Faced with these extremes ordinary people engaged in decades of long hard struggle to create a system that tried to keep the best of the vibrancy of the free market but get rid of the ugly horrors of its excesses. They worked to build a welfare state in which it was possible to get rich but it was also possible to live an ordinary life successfully as a member of a community. That system has now been under attack for over 30 years and the strains are starting to show.
Instead of living in a regulated and managed free market within a nation state we now live in a largely unregulated and uncontrolled world market that operates a reward system very similar to that which existed in the UK in the 1800s. If you win then you win big. If you lose then the chance of anyone looking out for are slim and getting slimmer by the day.
Left to its own devices the free market will always work to reward the few and to provide heavy disincentives for those who look after others.
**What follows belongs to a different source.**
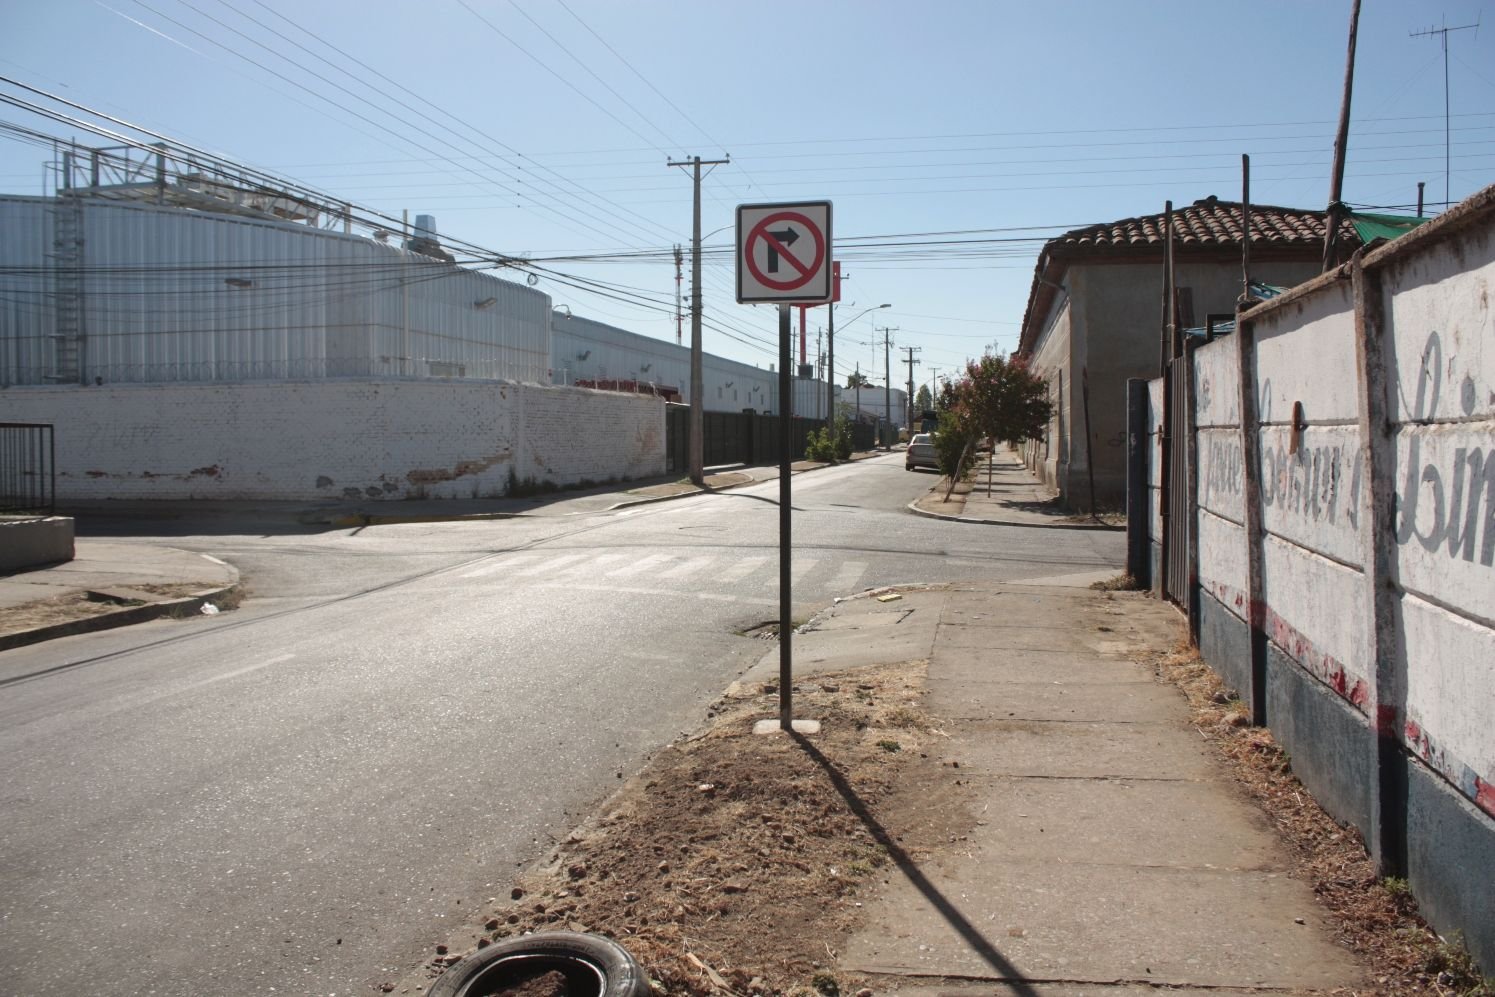 Letreros de No Ingreso a Camiones y cambio de sentido de tránsito a calle Miraflores (19)
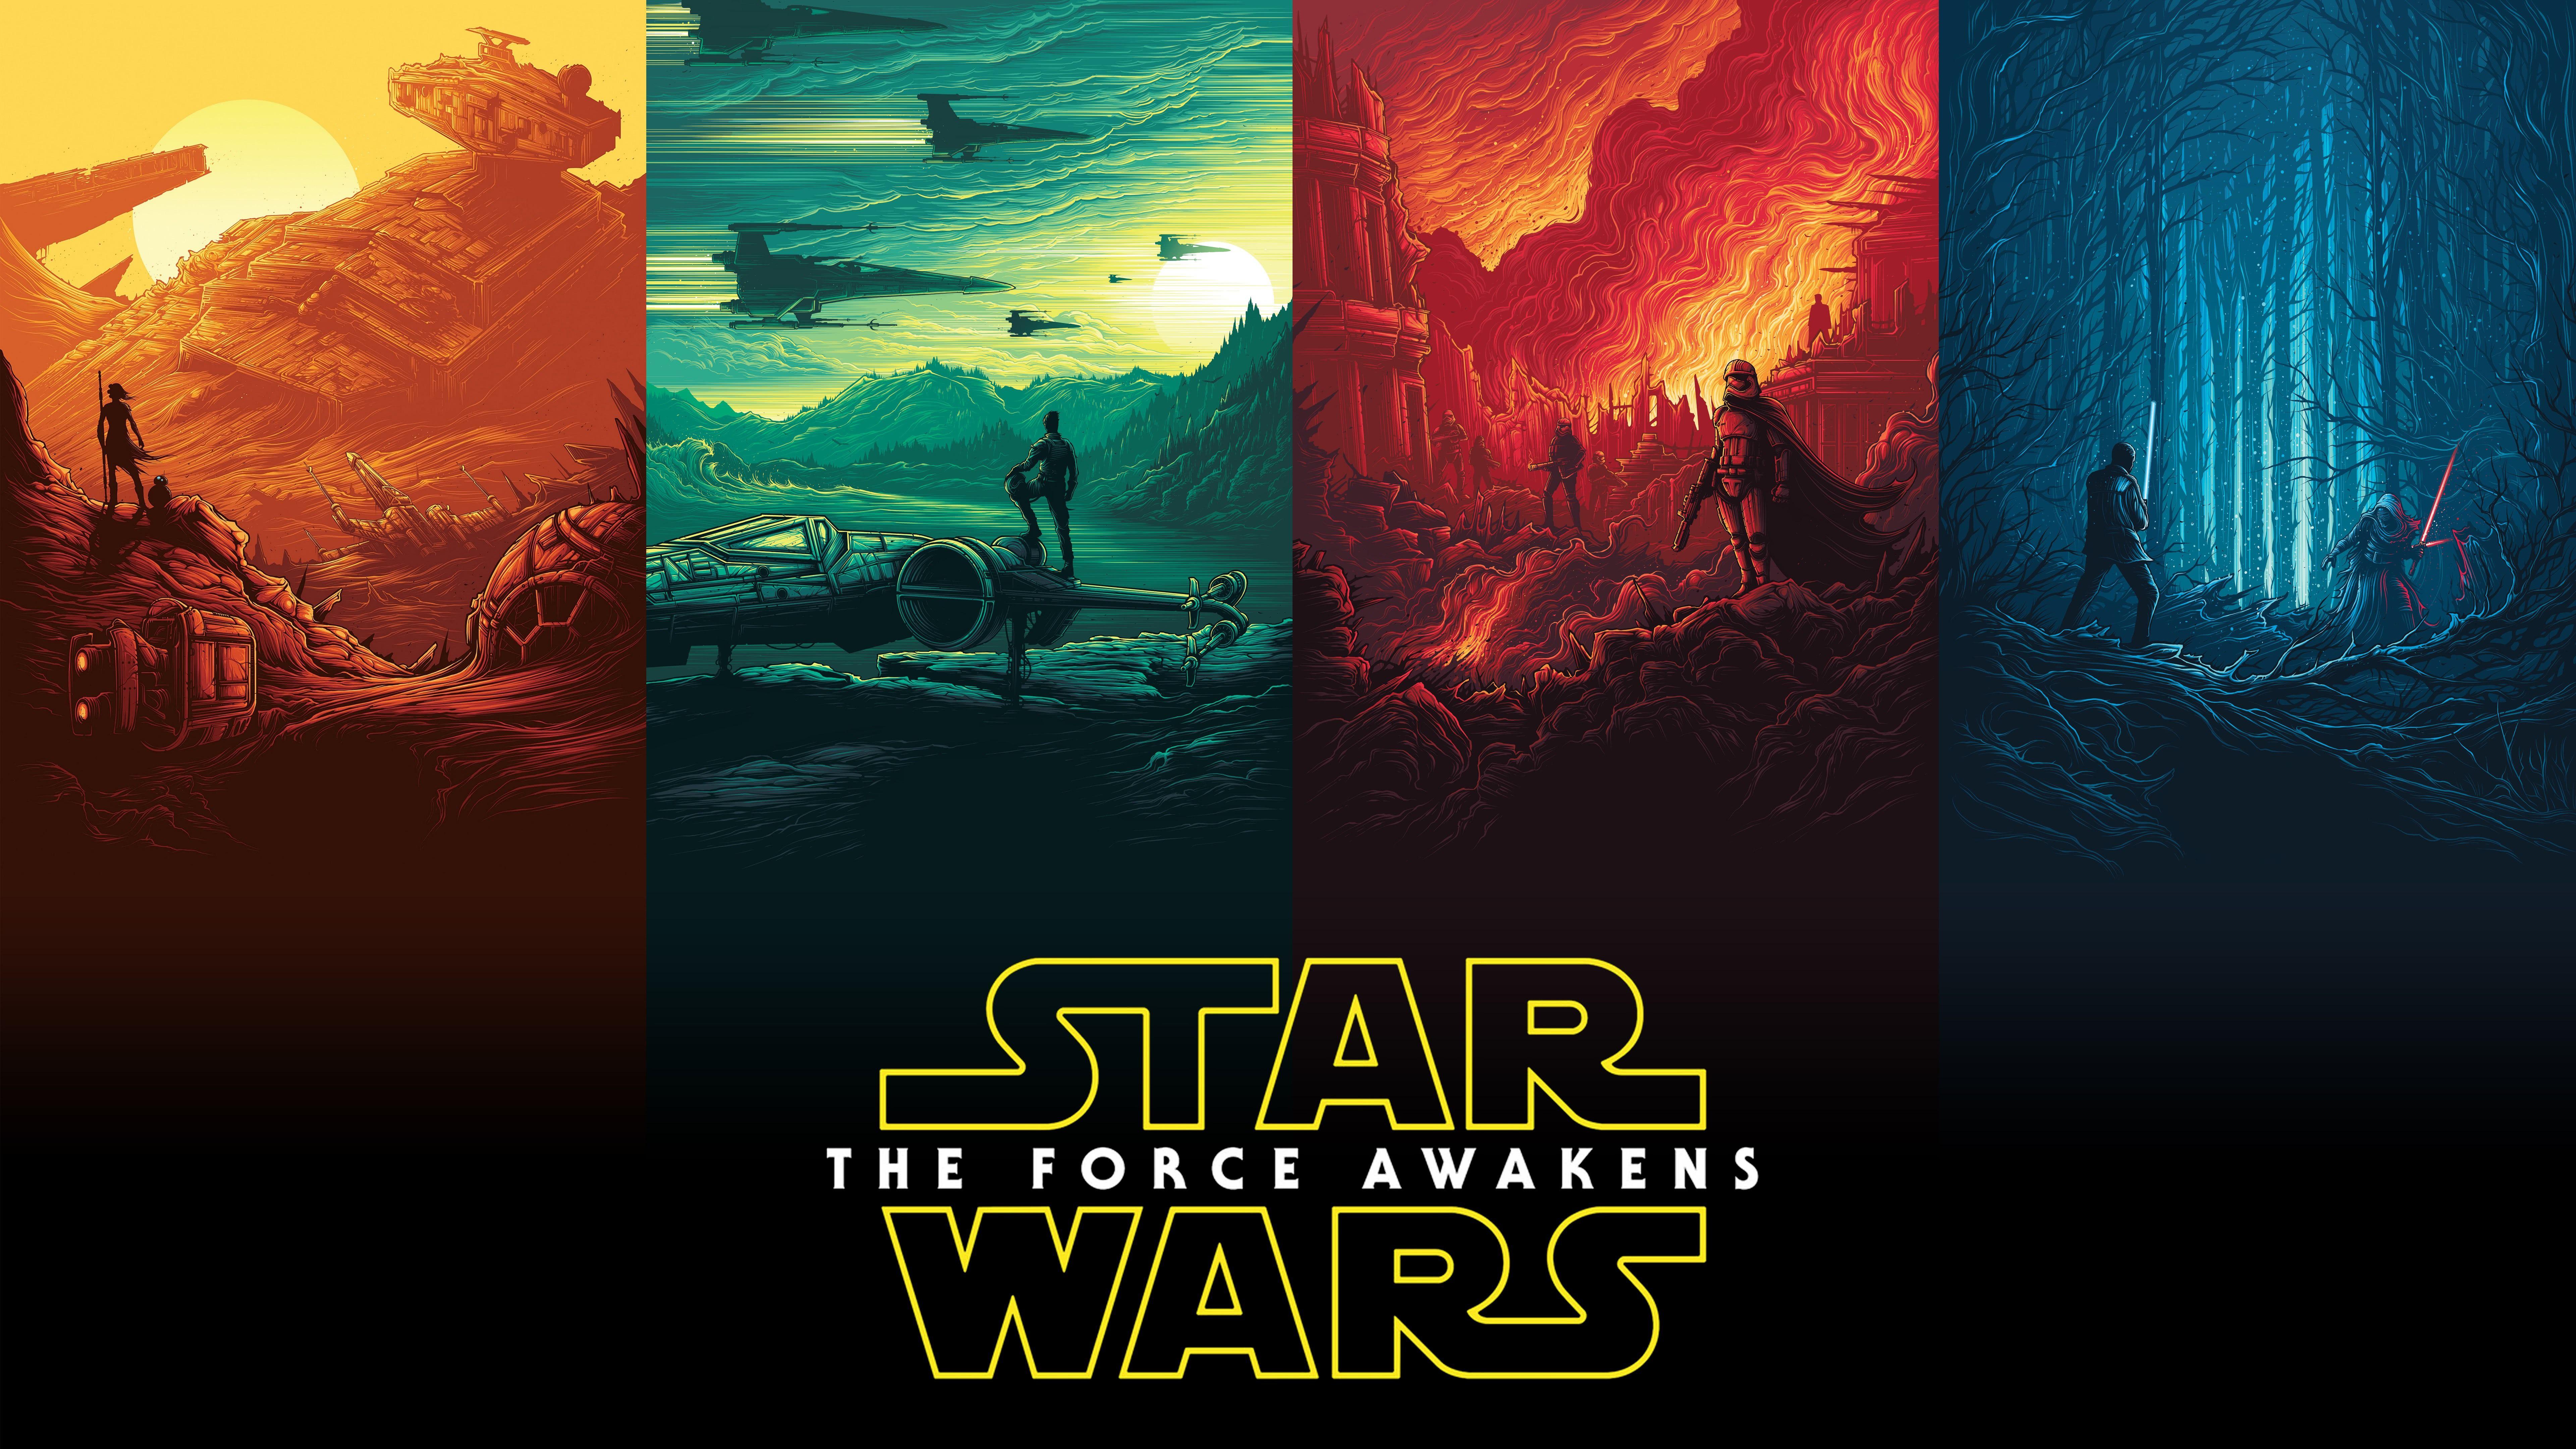 Star Wars Rey Finn Kylo Ren Han Solo Luke Skywalker UHD 8K Wallpaper

So we have a choice. We can either let the market do its job and slowly watch as the incentive system drives out the collaborative element from humanity and makes us all steadily more selfish. Or we can try and take control of the situation and start to use the power of government and international organisations to ensure that humanity doesn't go down this route. High levels of progressive taxation, the re-creation of a reliable welfare net and huge incentives to adopt environmentally sensitive ways of working and living would be where I would start. Others may have a different view. But the simple truth remains that where you decide to draw the line between the free market and social controls is the critical political choice you can make.
Margaret Thatcher famously didn't believe there was such a thing as society. Do we really want to let her successors make that a reality?